• _WHAT TO PRODUCE_: Set the listing down again in full, word for word, with the pictures left out.

• _PROVIDED MATERIAL_:

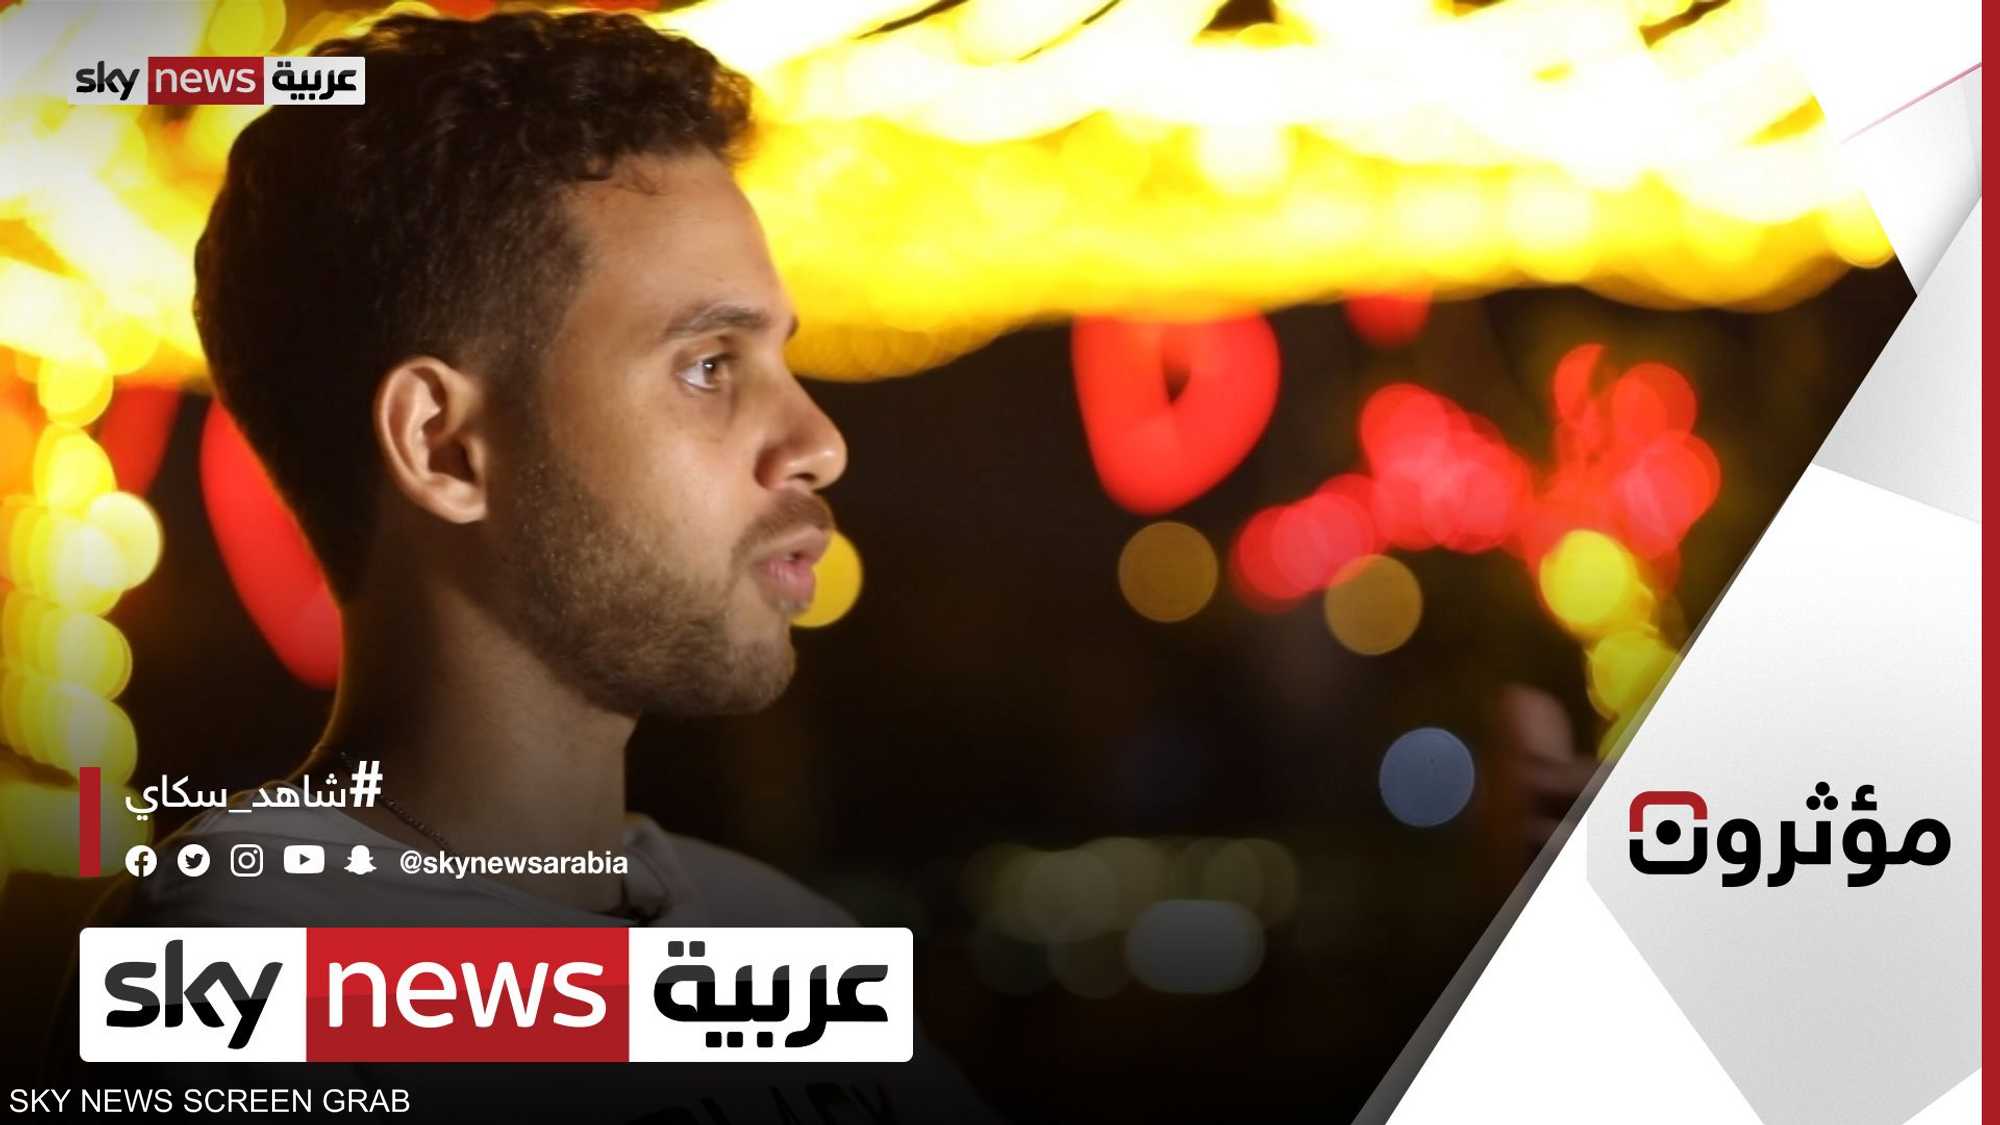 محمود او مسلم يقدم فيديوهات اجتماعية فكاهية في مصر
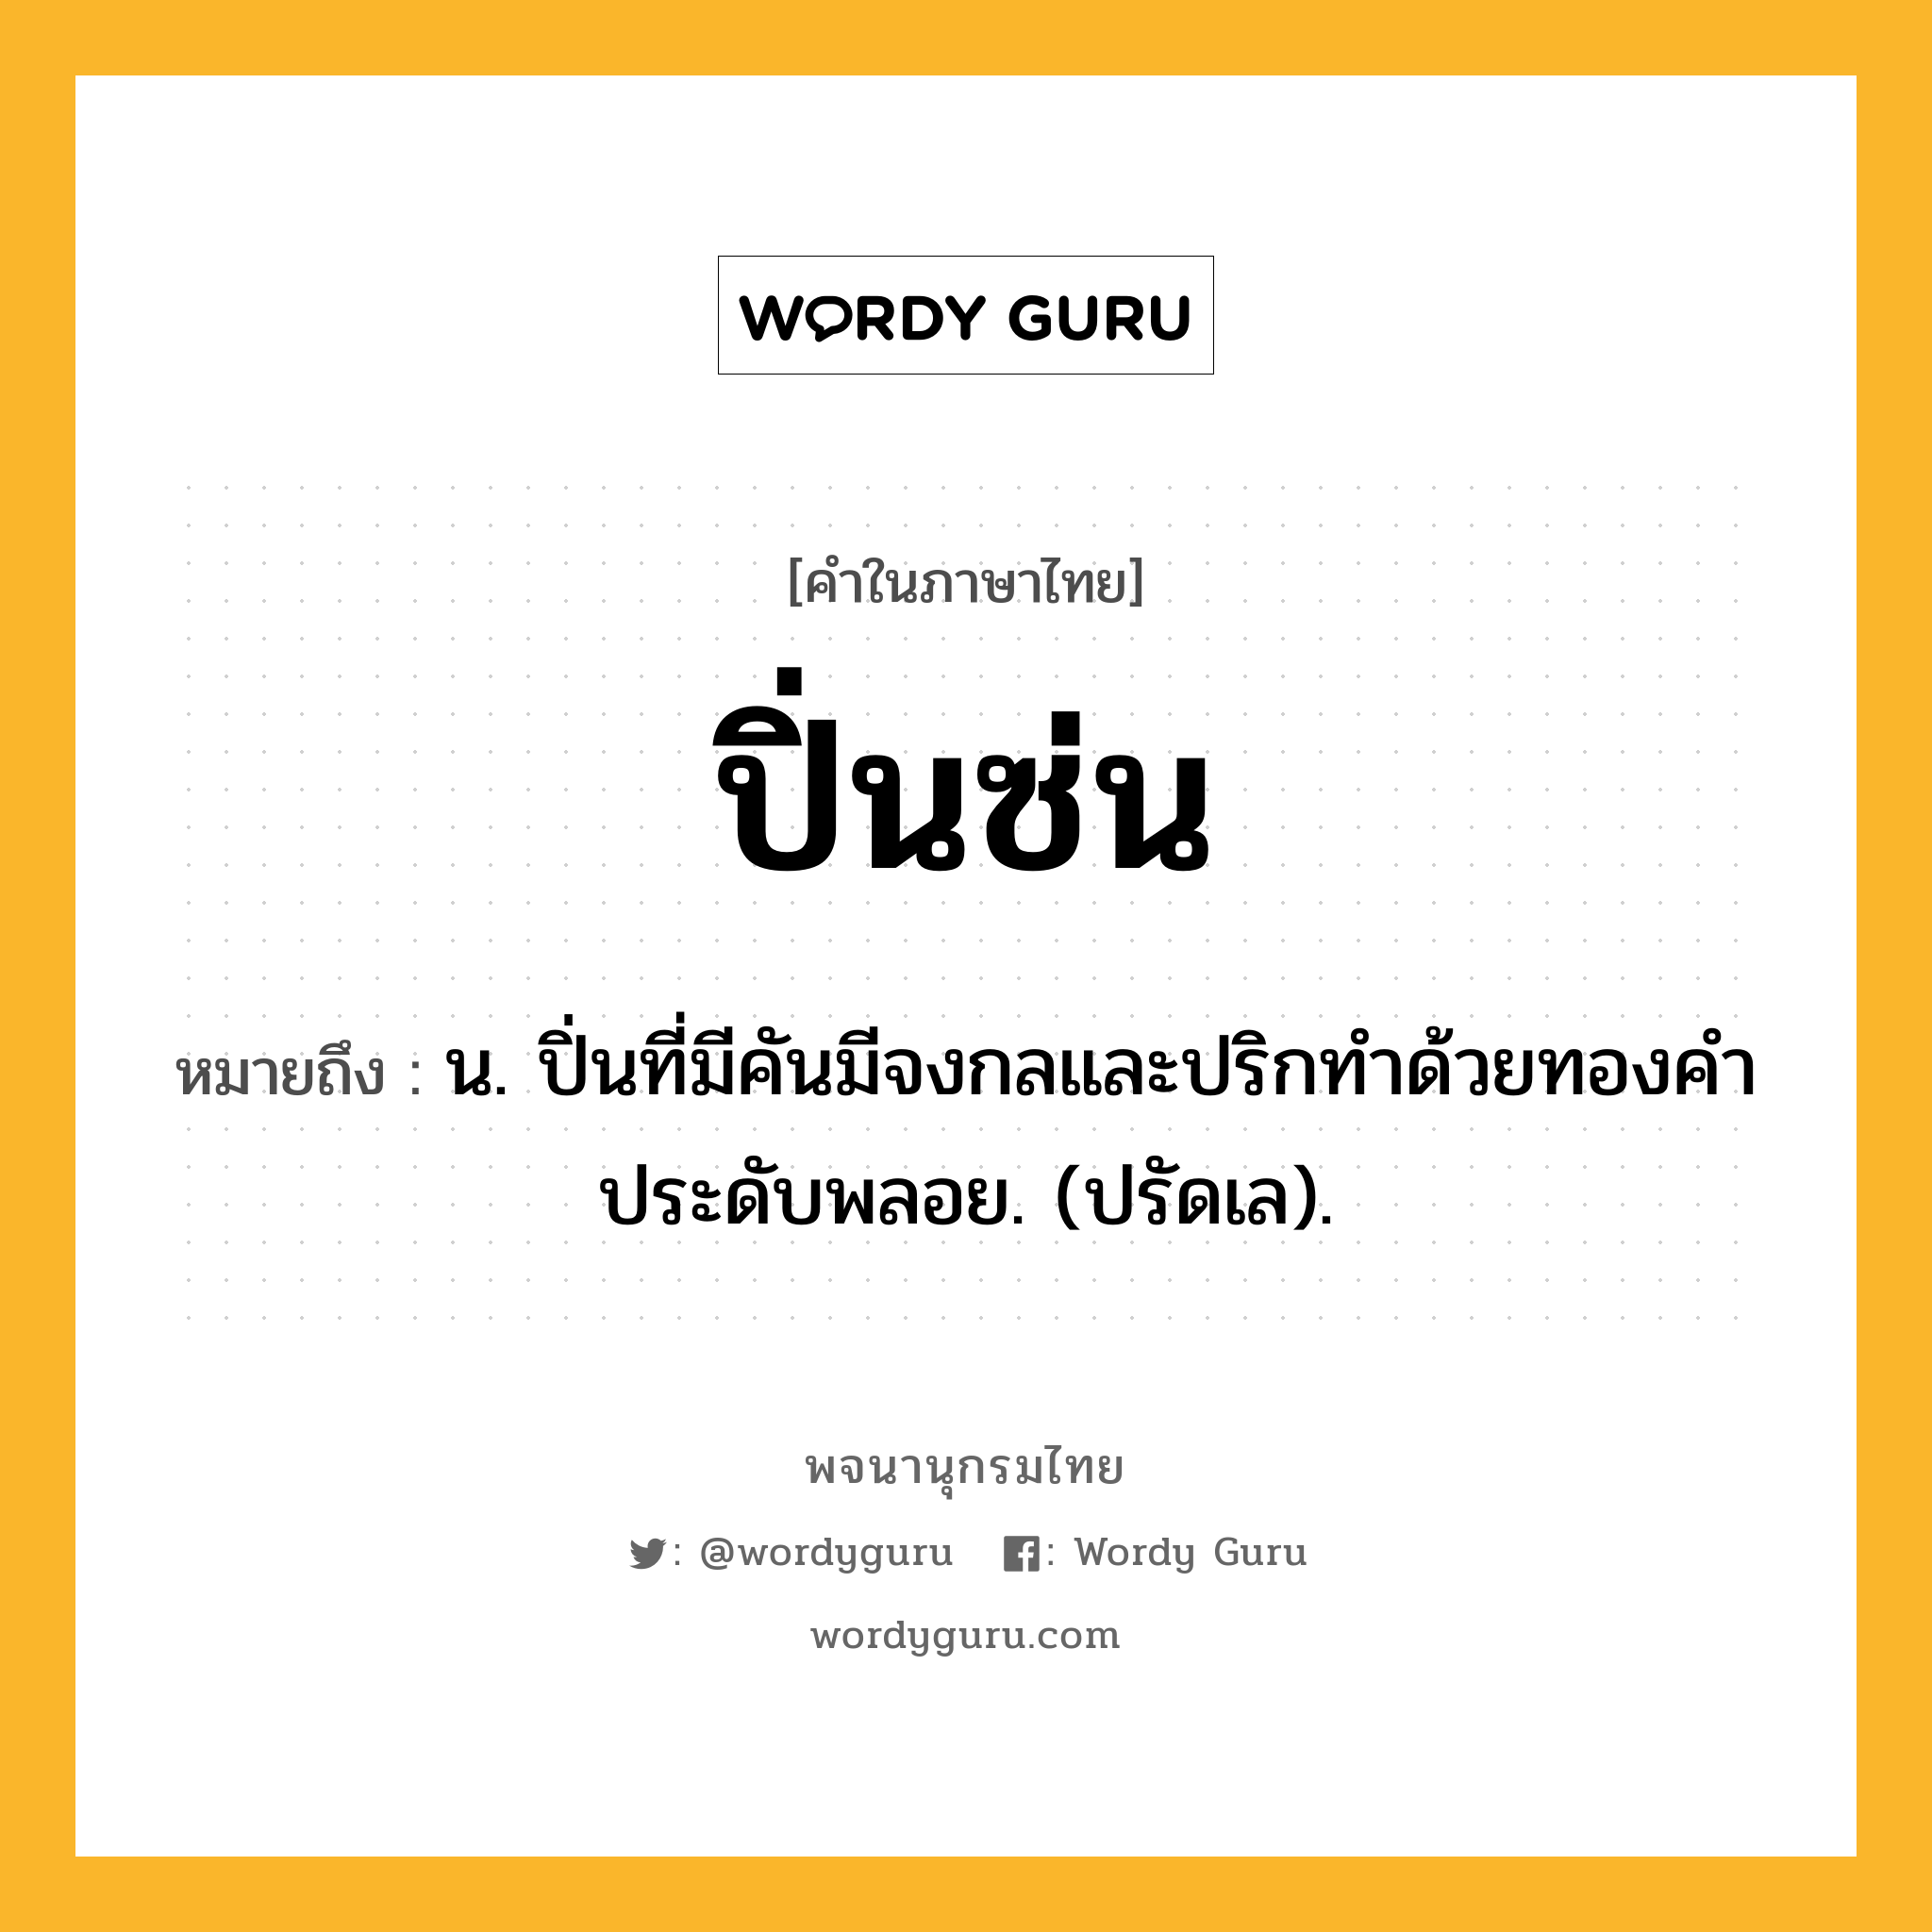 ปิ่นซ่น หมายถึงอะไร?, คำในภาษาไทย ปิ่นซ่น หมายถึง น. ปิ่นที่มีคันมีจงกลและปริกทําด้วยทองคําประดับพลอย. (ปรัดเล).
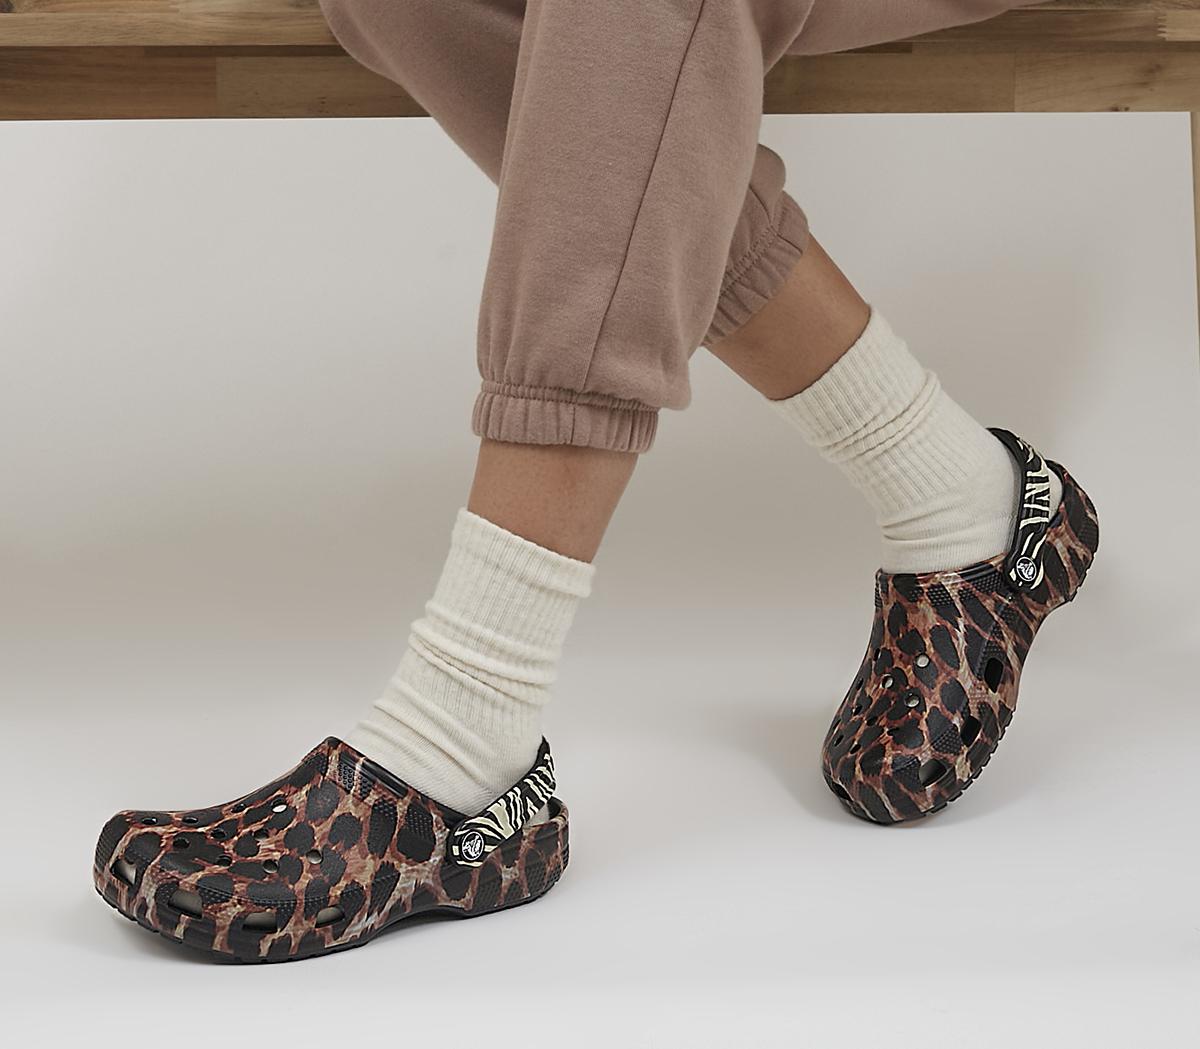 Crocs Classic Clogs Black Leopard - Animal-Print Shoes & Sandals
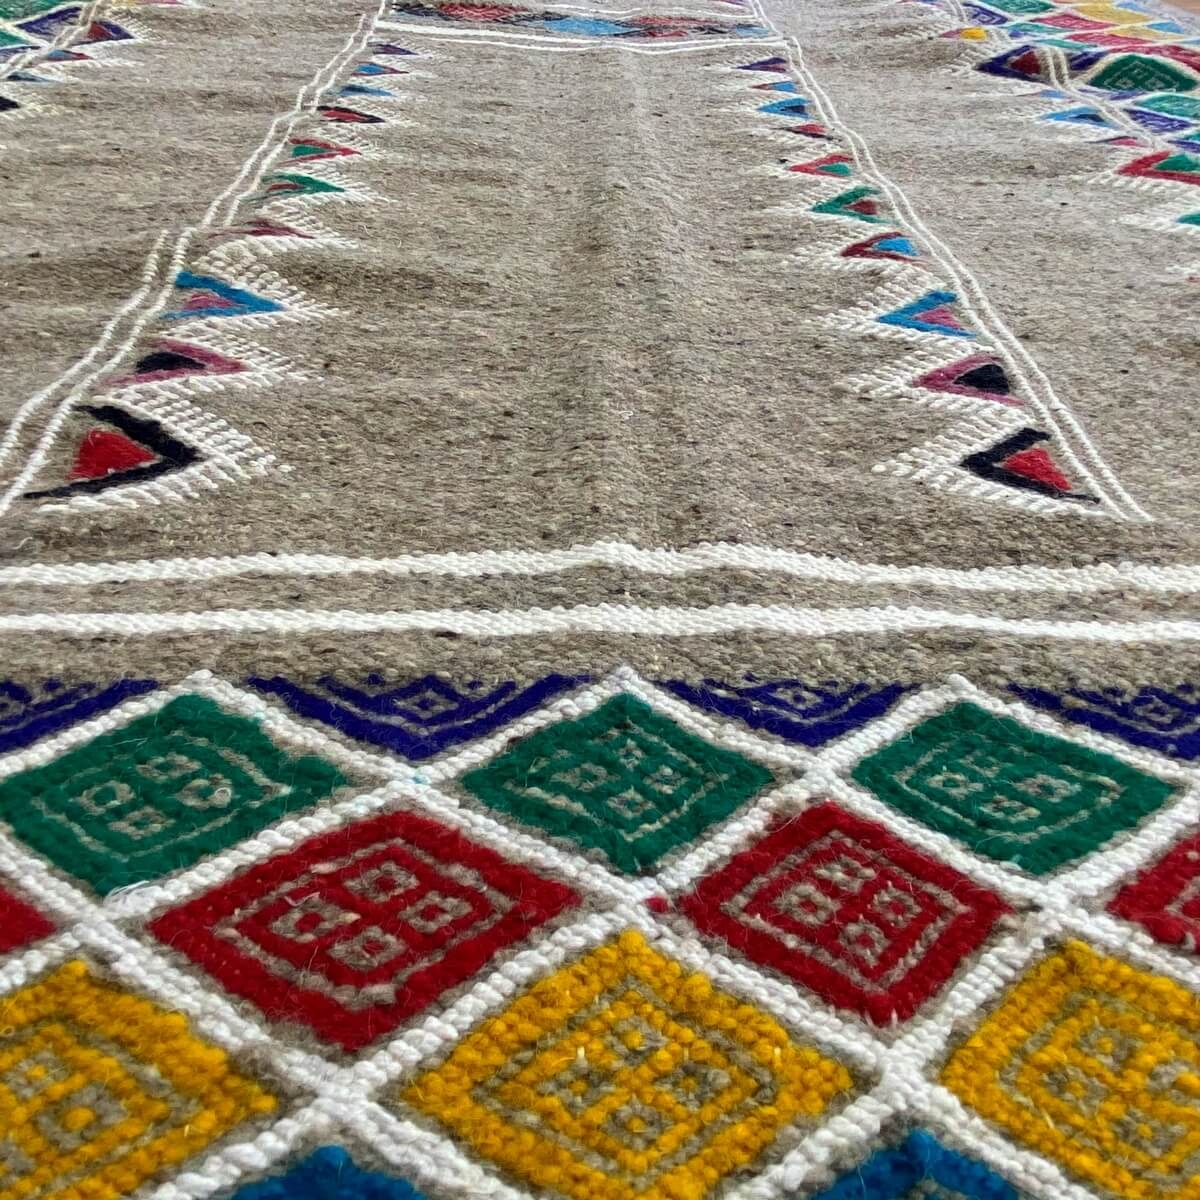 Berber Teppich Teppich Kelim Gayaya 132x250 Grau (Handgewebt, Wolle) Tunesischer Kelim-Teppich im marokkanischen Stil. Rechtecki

• _OUTPUT_:
 محمود او مسلم يقدم فيديوهات اجتماعية فكاهية في مصر
 ปิ่นซ่น หมายถึงอะไร?, คำในภาษาไทย ปิ่นซ่น หมายถึง น. ปิ่นที่มีคันมีจงกลและปริกทําด้วยทองคําประดับพลอย. (ปรัดเล).
 Crocs Classic Clogs Black Leopard - Animal-Print Shoes & Sandals
 Berber Teppich Teppich Kelim Gayaya 132x250 Grau (Handgewebt, Wolle) Tunesischer Kelim-Teppich im marokkanischen Stil. Rechtecki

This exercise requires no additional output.